ÖNCE BABA DİL… SONRA ANA DİL
Yabancı basını takip etme, hem lisan sorunu hem de kendimizce birçok senaryolar ile sebep üretebileceğimiz nedenlerden dolayı takip etme imkânına sahip değiliz.
El alem nelerle uğraşıyor bilmiyoruz. Onların gündemi ne onu da bilmiyoruz. Ama benim güzide ülkemin gündemi yine Kürt sorununa endekslendi. Yine bir numaralı konumuz yaklaşık 30 yıldır olduğu gibi, doğu veya Kürt veya terör veya etnik ayrılık veya etle tırnak misali ayrılmaz denilen farklı ama aslında birbirinden pekte ayrılmaz görünen malum mesele.
Hal böyle olunca ömrünü ikiye ayırdığında, büyük çoğunluk olan tarafta askerlik yatan bizlerinde söyleyecek sözü oluyor.
1980 li yılların ilk yarısı. Kurayı çekip görev yerimize gittik. Yaşları bizden büyük birçok askerin sorunları ile uğraşmak zorunda kaldık birden. Gençliğe yeni adım attık ama kendi sorunumuzdan çok başkalarının sorunları ile olgunlaşmaya çalıştık görev gereği.
Birliğimde adını dün gibi hatırladığım Abdullah toptik adlı Mardinli bir askerim var. Bildiği tek Türkçe kelime “komitani” demek olan bu asker son derece saygılı ve çalışkan. Fakat Türkçe öğrenme sıkıntısı var. Meslek hayatımın diğer safhalarında çok kere kullanmak zorunda olduğum “tercümanla anlaşma” olayına ilk orada başlamak zorunda kaldım. İtaatinde hiçbir sorun görmediğim bu asker terhis olurken anlaşacak kadar olmuştu. Eminim çok zorluk çekti askerlik hayatında ama çocuklarına çektirmeyeceğinden, mutlaka ulusal dilimizi çocuklarına öğreteceğinden, onlara bu sıkıntılarını anlatıp ders olmasını sağlayacağından şüphem yok.
Yaşı 30 un üzerinde olup askerliğini yapan arkadaşların hatırlayacağı gibi askeriyede farklı dil kullanmak yasaktı. Halende yasak ama yumuşatıldı tabiî ki. Öyle güzümüzdeki gibi cep telefonu falan yok tabi. Ankesörlü telefon var. Başında mutlaka sorumlu var. Farklı bir lisan kullandırmadan konuşulmasını sağlıyor. Bunun elbette ilk sebebi istihbarat. Birlik hakkında bilgi verilmesini önlemek amaçlı yapılan bir tedbir alma bu.

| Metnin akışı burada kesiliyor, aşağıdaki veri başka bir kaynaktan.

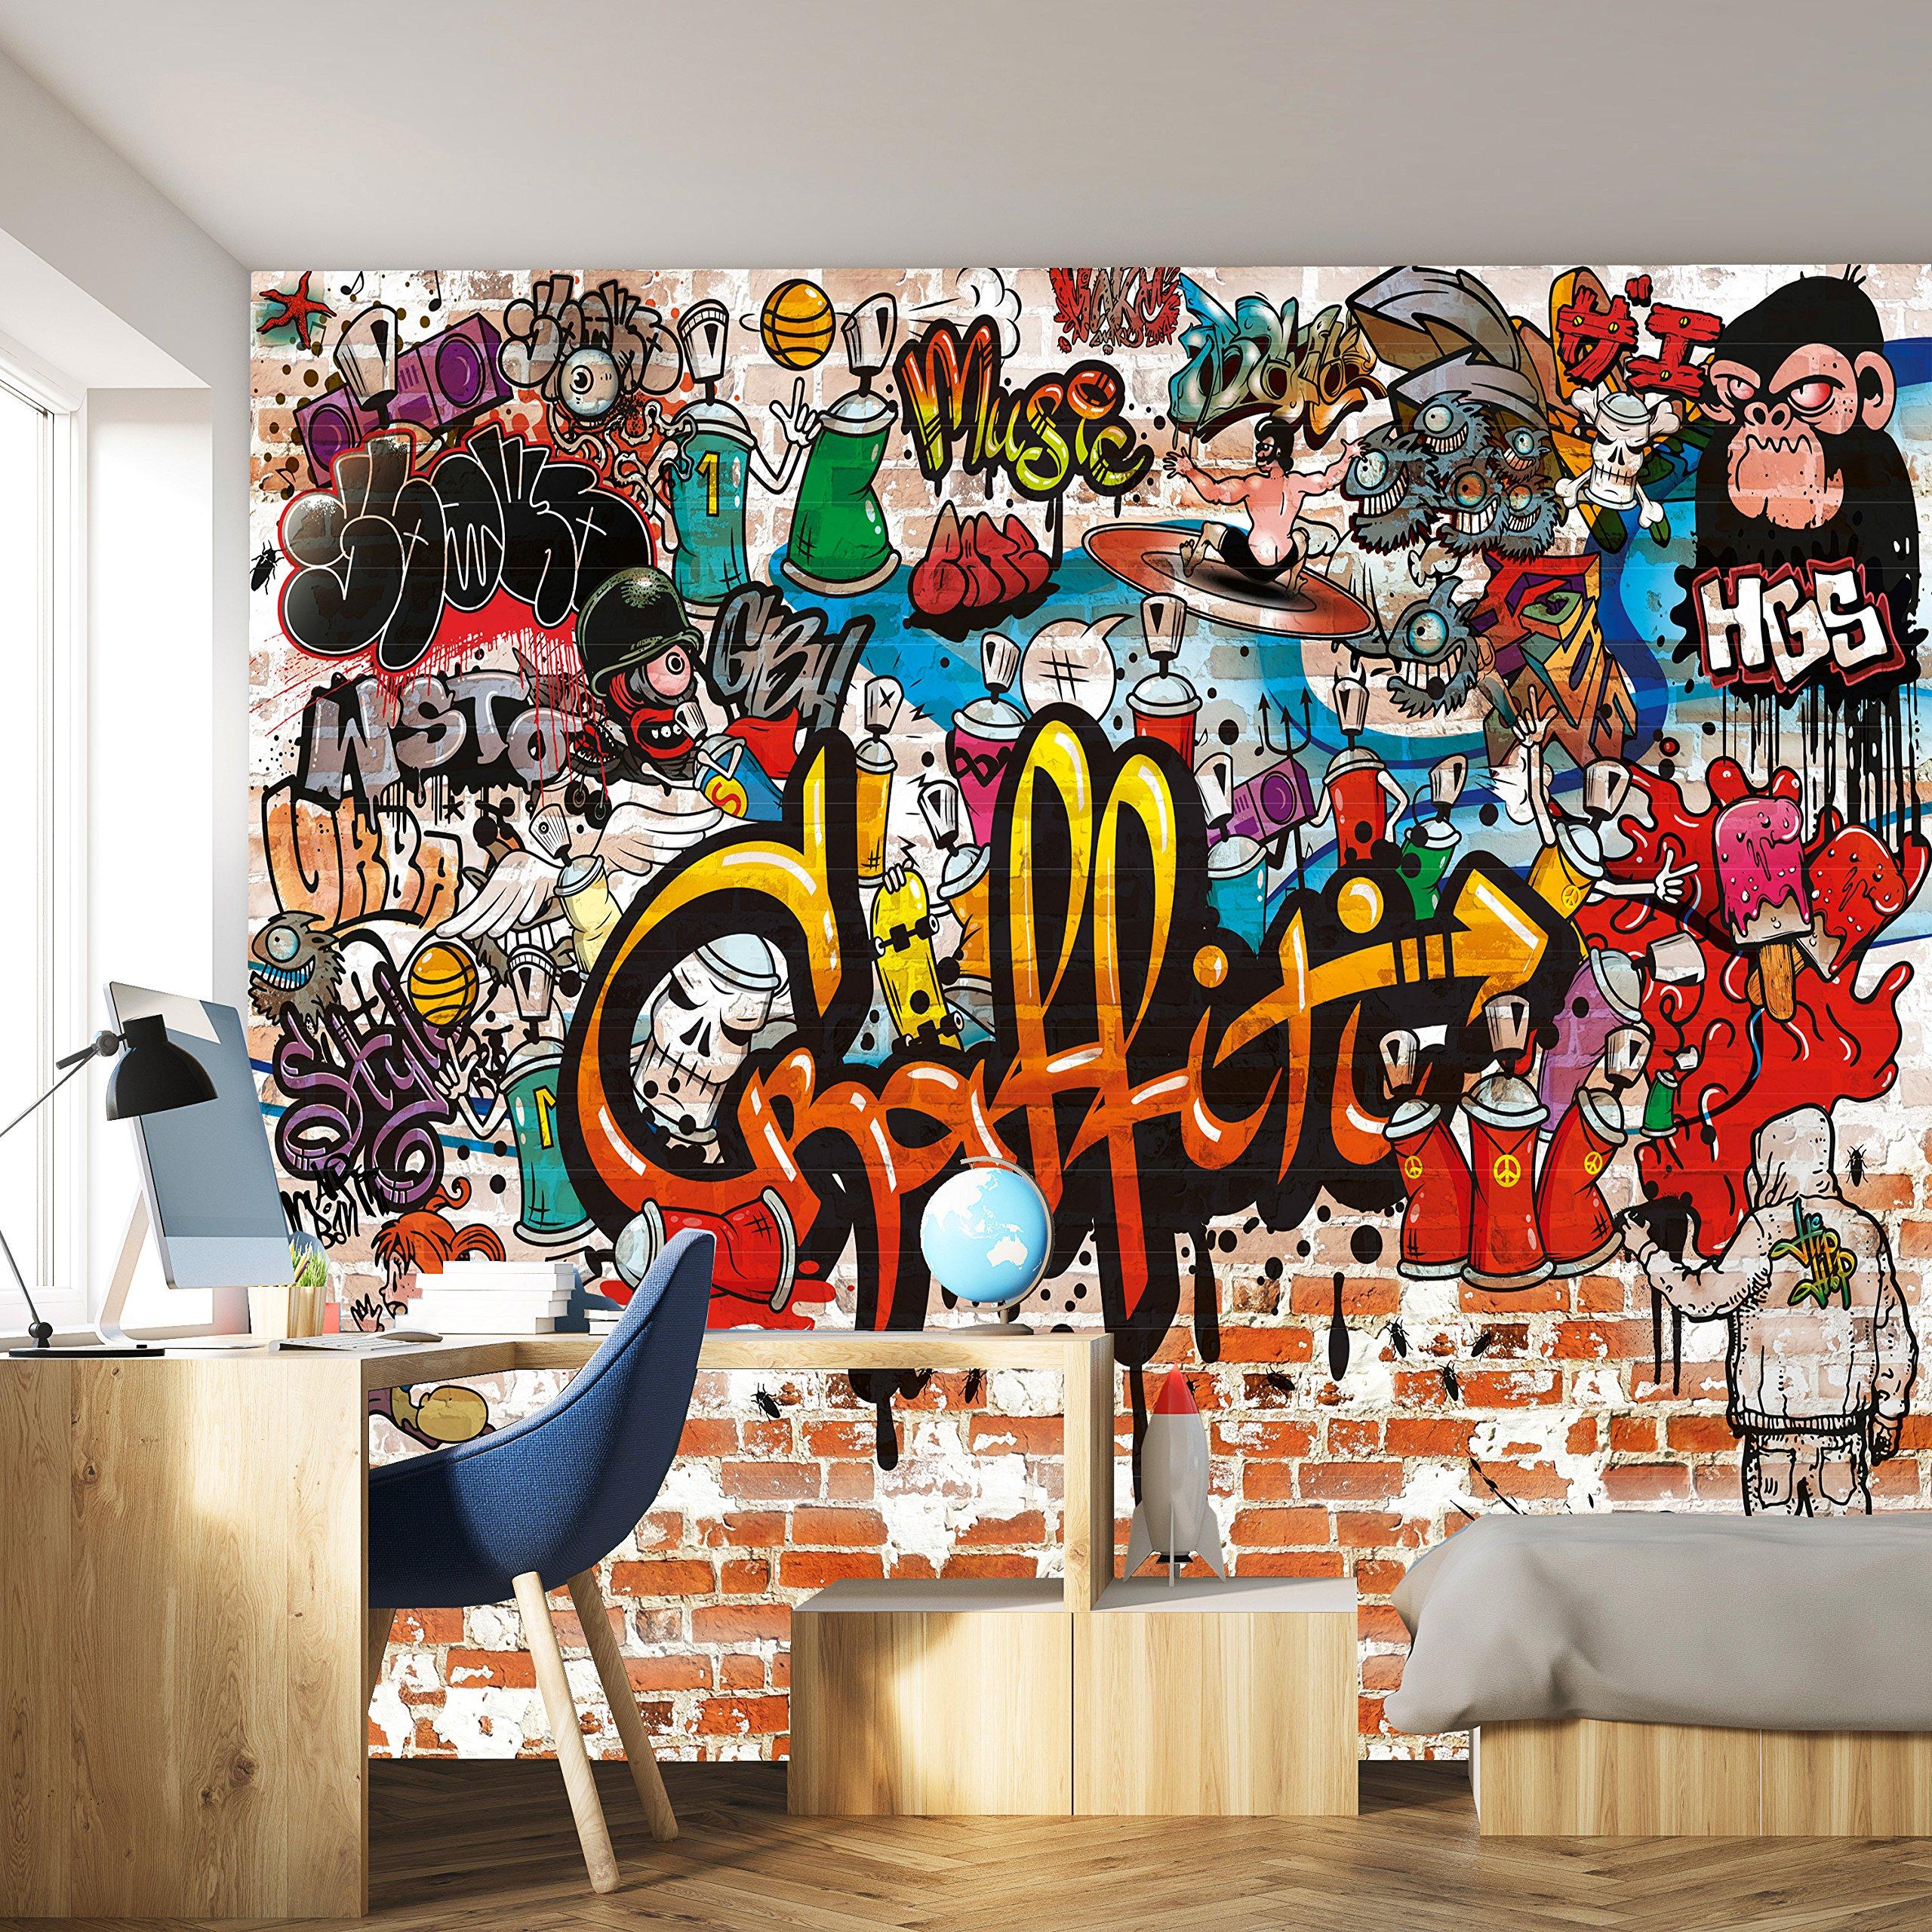 graffiti wall mural amazon co ukmurimage photo wallpaper graffiti 366 x 254 cm wall mural grafitti bricks vintage urban children kids

Askerin biri hasta anası ile konuşmak istiyor. İyi konuşsun. Atsın jetonu konuşsun. Ama öyle değil işte. Anası Türkçe bilmiyor. Sıkıntı orada. Yine tercüman aracılığı ile konuşturduk askeri.
Açılım hayatımızın bir yerlerinden bizlere yansımışken iki anımı paylaştım sizinle. Amacım açılım yapılırken iyi değerlendirilmeli diye düşünülmesini sağlamak. Devlet önce; yolu, suyu, okulu yapacak. Bu okullarda güven içinde okunmasını sağlayacak. Türkçeyi öğretecek ve tavizsiz olarak tüm resmi kurumlarda konuşulmasını sağlayacak. Resmi kurumlarda ulusal dilini bilmeyenin işi yürümeyecek. Ondan sonra ana dil elbette önemli Anadilini öğrenmeleri için her türlü kolaylığı sağlayacak. Bundan doğalı olamaz.
Eğitim öğretimin ulusal dil dışında yapılması birlikteliği değil kesinlikle ayrımcılığı getirir. Bizim ayrımcılığa değil birlik olup dosta güven düşmana korku verecek durumda olmamız lazım. Yüz yıllarca kolay kalmadık bir arada. Bu güzelim ülkeyi de kolay kurmadık. Hiçte slogan falan değil “bir karış toprağına varlığımız kurban ederiz.” Düşünmeden.
Önce hepimizin anlaşacağı ve millet olma, ulus olma şartlarından olan ulusal lisanımızı öğrenip, tüm resmi işlerimizde onu kullanacağız. Sonra isteyen kültürünün idamesi için anadilini kullanacak. Makul olan, olması gereken, üzerinde ittifak yapılacak birinci şart bu bence.